Non-oriented electrical steel sheet and manufacturing method the same
Abstract
A non-oriented electrical steel sheet with characteristics of high permeability, high magnetic flux, and low iron loss and a manufacturing method thereof are provided. The non-oriented electrical steel sheet includes an electrical steel, wherein the electrical steel includes the following compositions of: an amount of 0.005 wt. % or less of carbon, an amount of 0.005 wt. % or less of nitrogen, an amount of 0.005 wt. % or less of sulfur, an amount of 0.05 wt. % or less of phosphorus, an amount of 1.0 to 2.5 wt. % of silicon, an amount of 0.1 to 0.8 wt. % of aluminum, an amount of 0.1 to 0.8 wt. % of manganese, an amount of 0.01 to 0.10 wt. % of antimony and the balance of iron and other unavoidable impurities, wherein the electrical steel meets the following relationship: 20≤10*silicon content+11*aluminum content+6*manganese content≤30.
Claims
exact text as granted — not AI-modifiedWhat is claimed is:
1 . A non-oriented electrical steel sheet with characteristics of high permeability, high magnetic flux, and low iron loss, comprising:
an electrical steel, wherein the electrical steel comprises the following compositions of: an amount of 0.005 wt. % or less of carbon, an amount of 0.005 wt. % or less of nitrogen, an amount of 0.005 wt. % or less of sulfur, an amount of 0.05 wt. % or less of phosphorus, an amount of 1.0 to 2.5 wt. % of silicon, an amount of 0.1 to 0.8 wt. % of aluminum, an amount of 0.1 to 0.8 wt. % of manganese, an amount of 0.01 to 0.10 wt. % of antimony and the balance of iron and other unavoidable impurities, wherein the electrical steel meets the following relationship: 20≤10*silicon content+11*aluminum content+6*manganese content≤30.
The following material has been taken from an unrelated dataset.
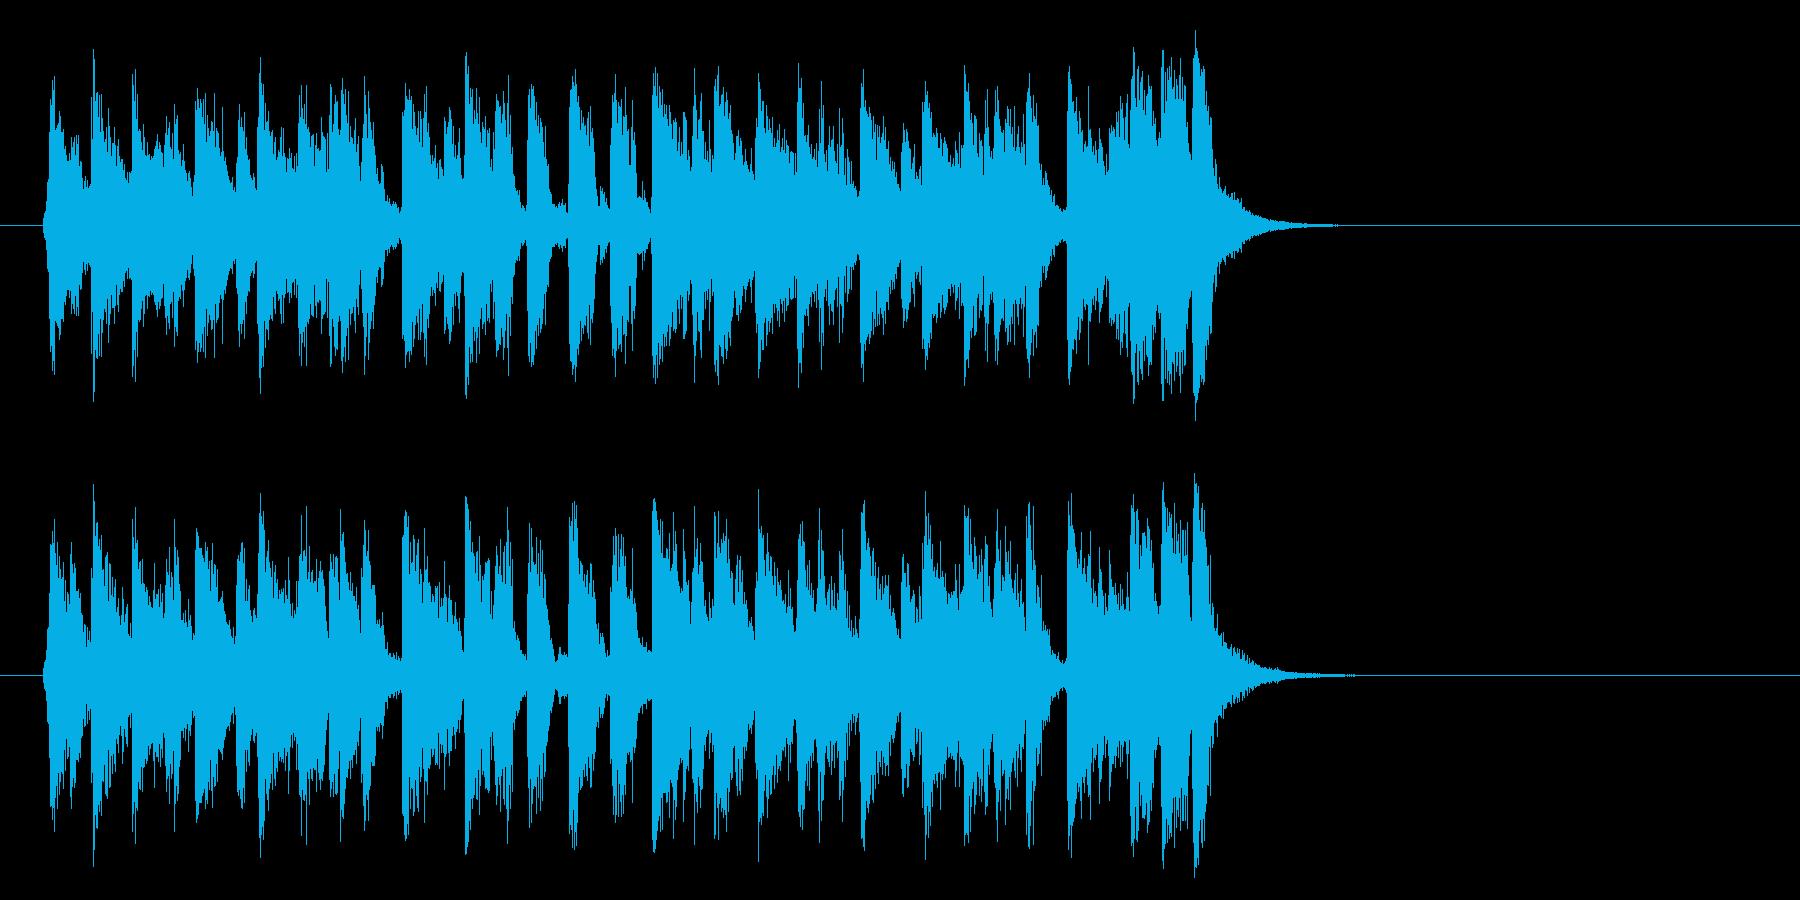 夏のフュージョンポップ(Aメロ)の再生済みの波形

2 . The non-oriented electrical steel sheet according to claim 1 , wherein the characteristic of the electrical steel meets the following relationship: μ 1/50 +μ 10/50 +μ 15/50 ≥1200, wherein μ 1/50 , μ 10/50 , and μ 15/50 so are the relative permeabilities at 50 Hz for 0.1 T, 1.0 T, and 1.5 T induced magnetic flux states, respectively.
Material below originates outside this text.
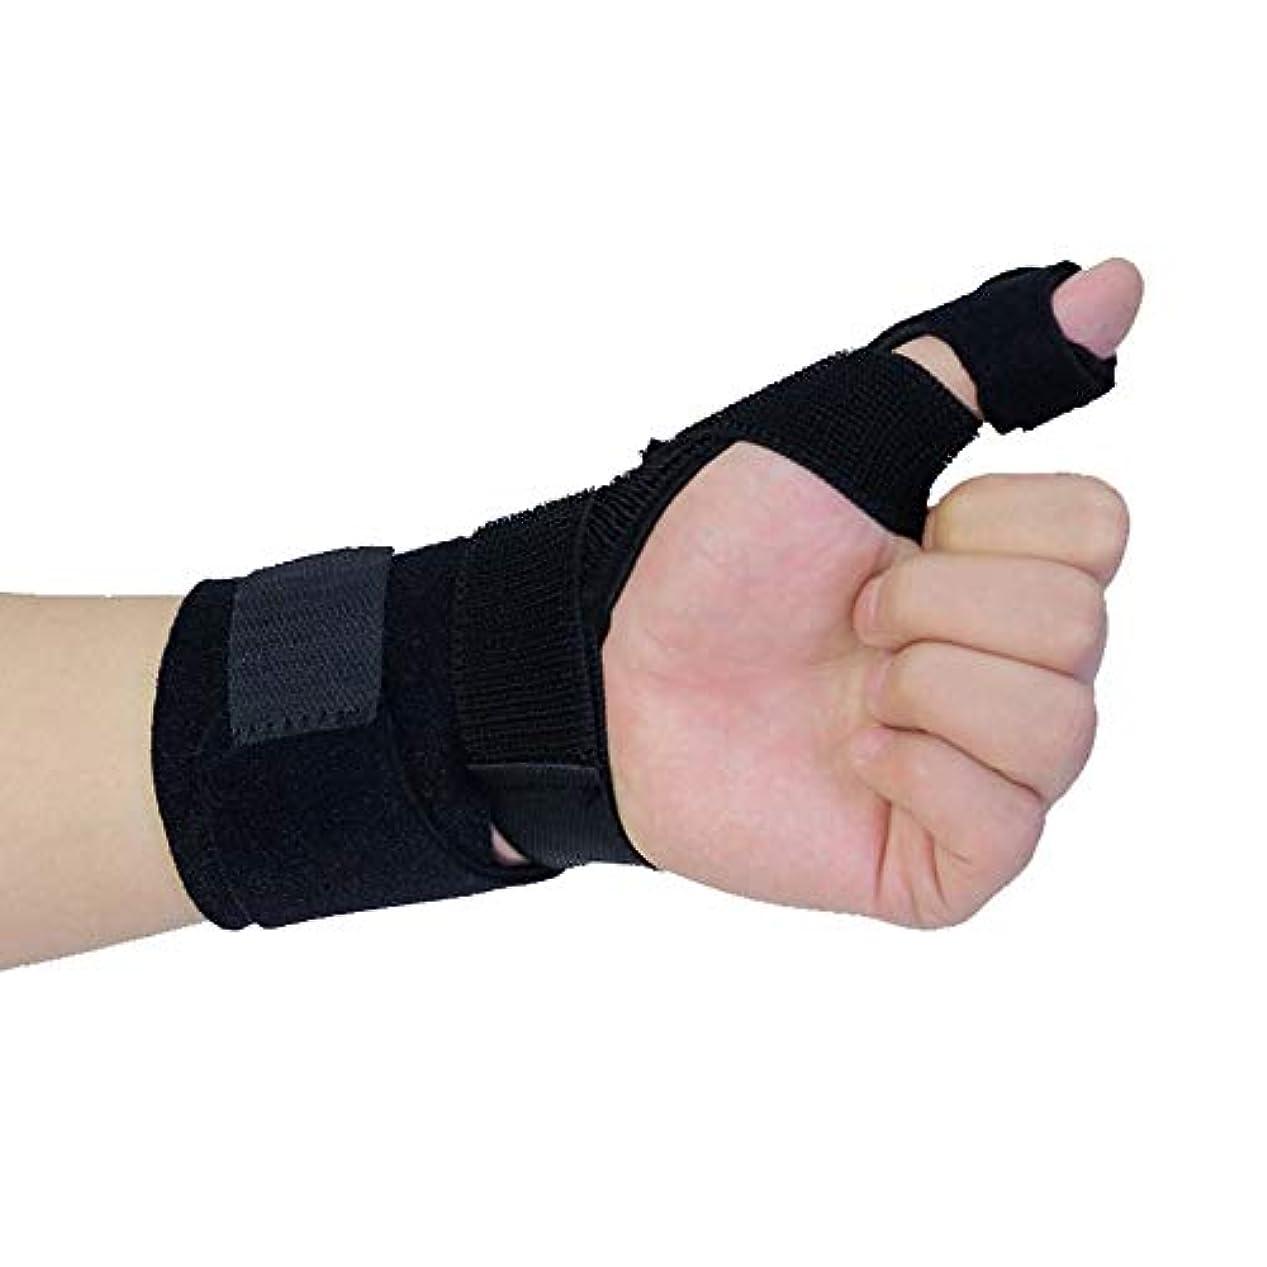 累積パールあごひげ親指ブレース、関節炎、腱炎、手根管の痛みの軽減、軽量で 調節可能なサイズに適した調節可能なプロテクター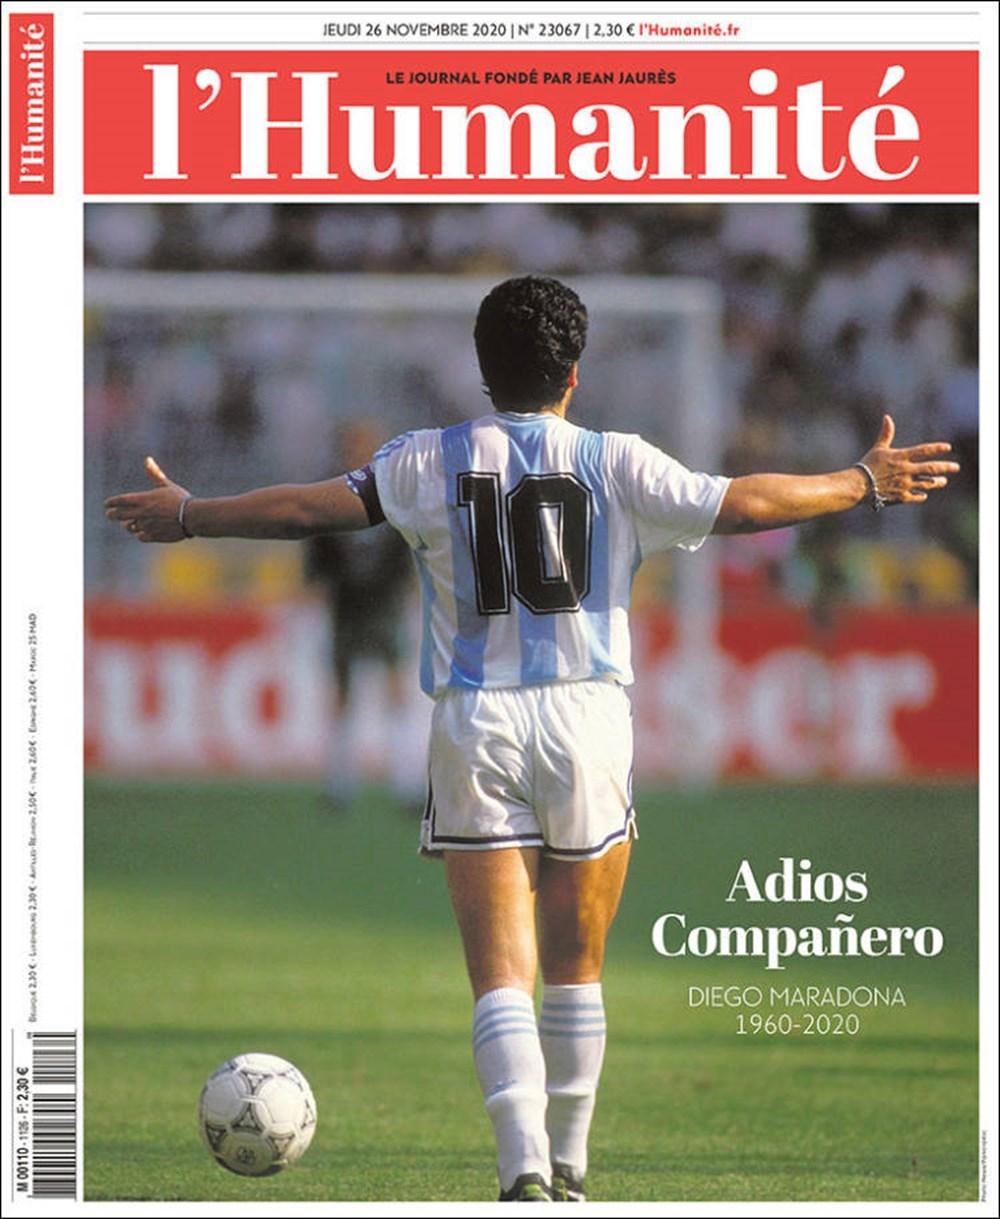 """Dünya Basını: """"Maradona Tanrı'nın Ellerinde"""" 14"""

3 . The non-oriented electrical steel sheet according to claim 1 , wherein the characteristic of the electrical steel meets the following relationship: B 1 +B 10 +B 50 ≥4.25 T, wherein B 1 , B 10 , and B 50 are induced magnetic flux with applied magnetic fields of 100 A/m, 1000 A/m, and 5000 A/m at 50 Hz, respectively.
4 . The non-oriented electrical steel sheet according to claim 1 , wherein the characteristic of the electrical steel meets the following relationship: W 15/50 ≤3.1 W/kg, wherein W 15/50 is the iron loss in a state of 1.5 T induced magnetic flux at 50 Hz.
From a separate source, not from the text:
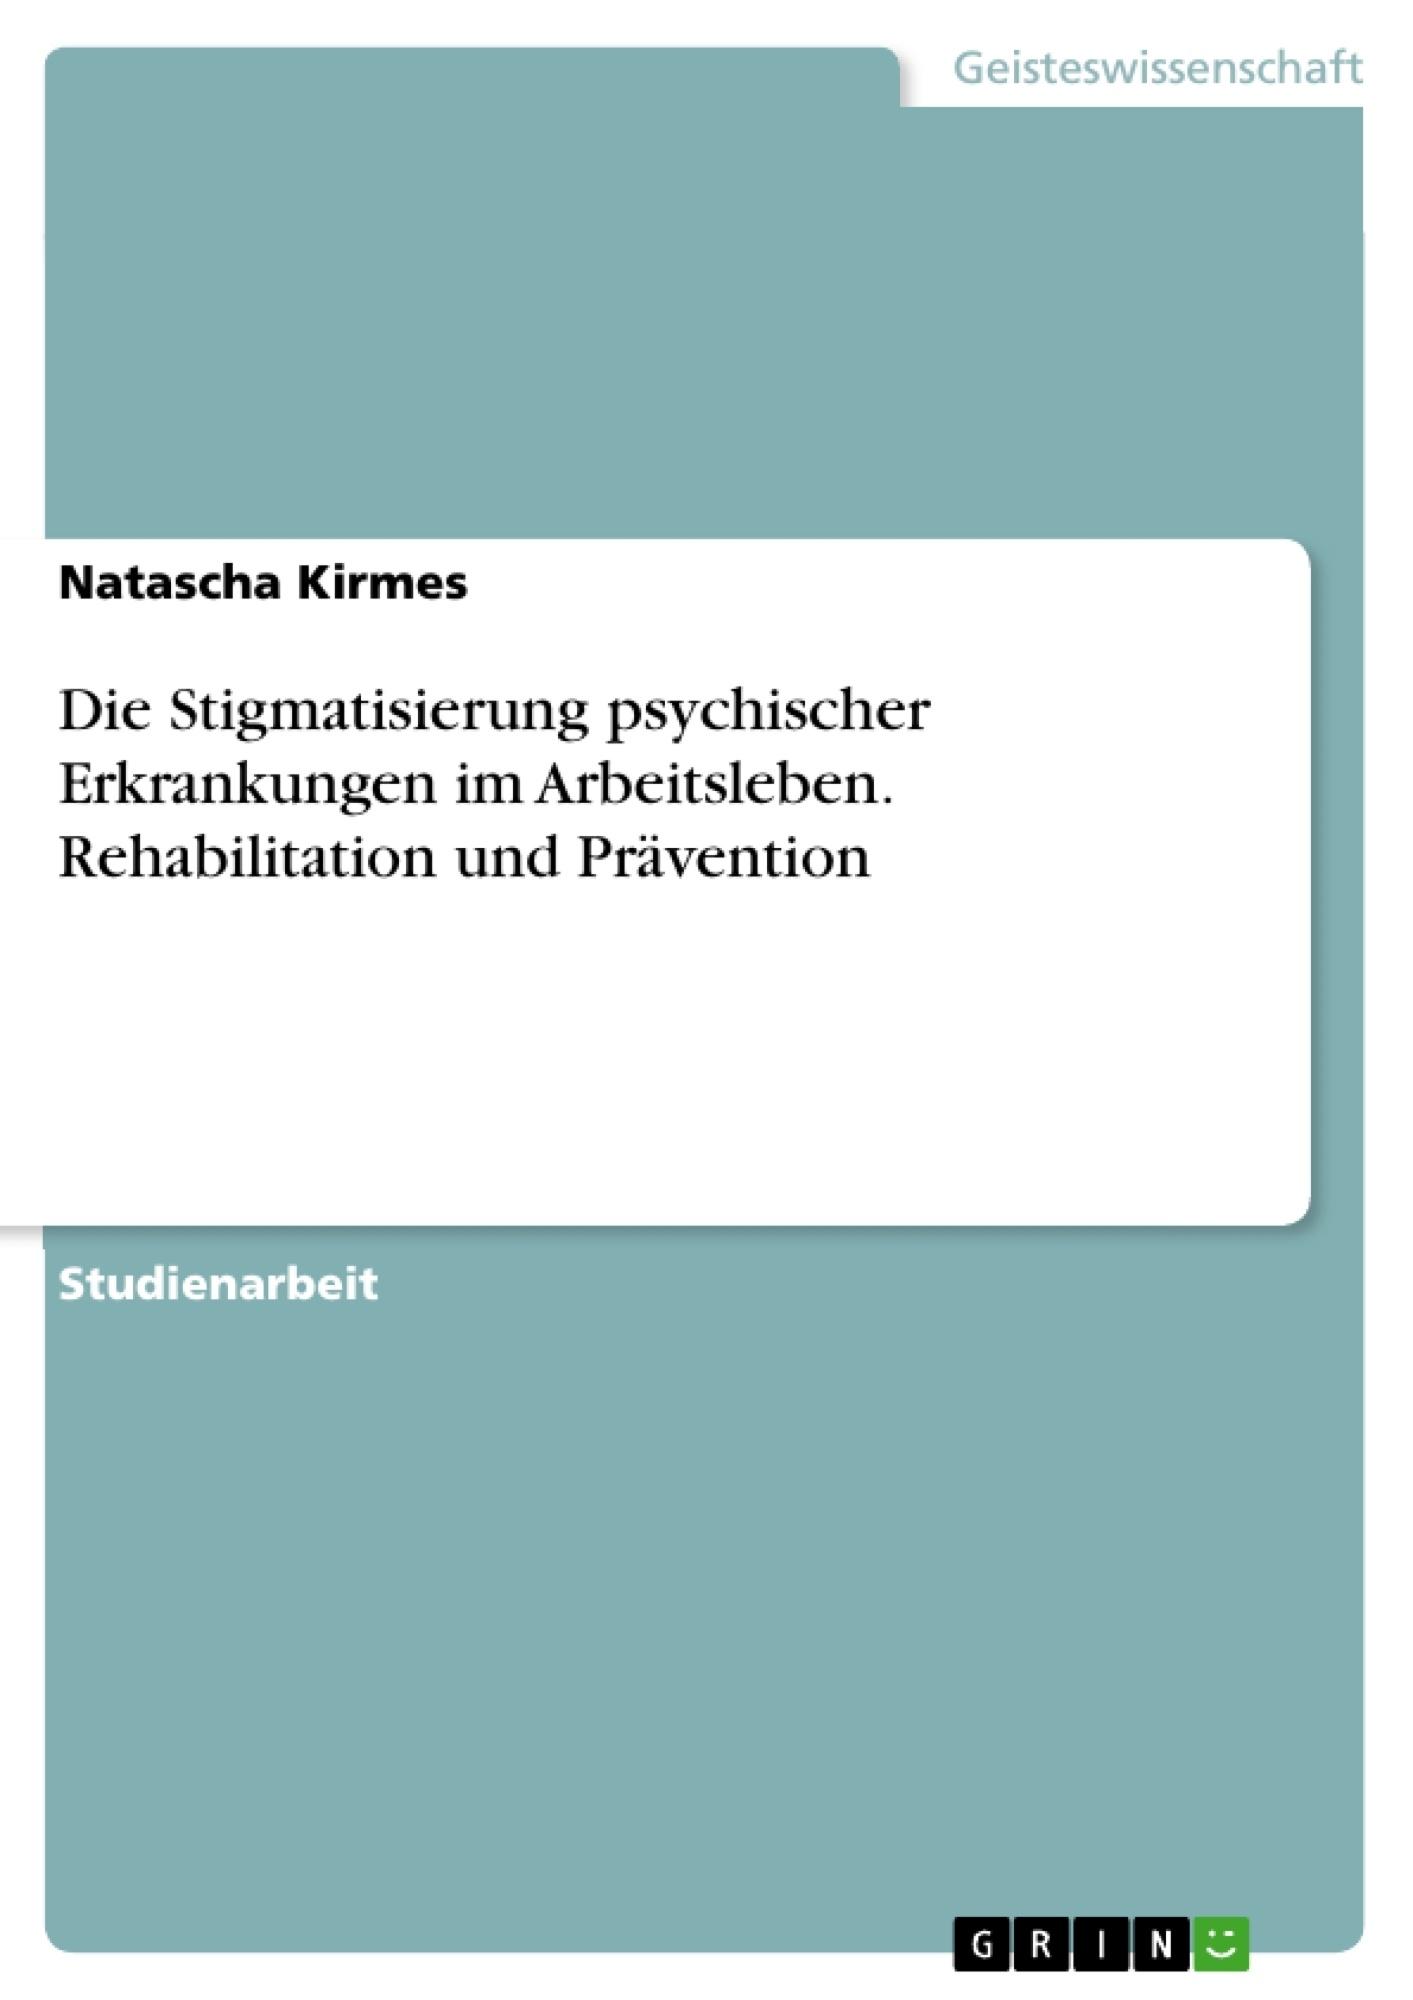 Titel: Die Stigmatisierung psychischer Erkrankungen im Arbeitsleben. Rehabilitation und Prävention

5 . The non-oriented electrical steel sheet according to claim 1 , wherein the characteristic of the electrical steel after performing a stress relief annealing step at 750° C. for 2 hours meets the following relationship; μ 1/50 +μ 10/50 +μ 15/50 ≥18000, wherein μ 1/50 , μ 10/50 , and μ 15/50 are the relative permeability at 50 Hz for 0.1 T, LOT, and 1.5 T induced magnetic flux states, respectively.
6 . The non-oriented electrical steel sheet according to claim 5 , wherein the characteristic of the electrical steel after a stress relief annealing step at 750° C. for 2 hours meets the following relationship: ΔW 15,50 =(W 15,50, final product −W 15/50, after stress relief annealing )/(W 15/50, final product )≥10%.
7 . An electrical steel, comprising:
a compositions of: an amount of 0.005 wt. % or less of carbon, an amount of 0.005 wt. % or less of nitrogen, an amount of 0.005 wt. % or less of sulfur, an amount of 0.05 wt. % or less of phosphorus, an amount of 1.0 to 2.5 wt. % of silicon, an amount of 0.1 to 0.8 wt. % of aluminum, an amount of 0.1 to 0.8 wt. % of manganese, an amount of 0.01 to 0.10 wt. % of antimony and the balance of iron and other unavoidable impurities, wherein the electrical steel meets the following relationship: 20≤10*silicon content+11*aluminum content+6*manganese content≤30.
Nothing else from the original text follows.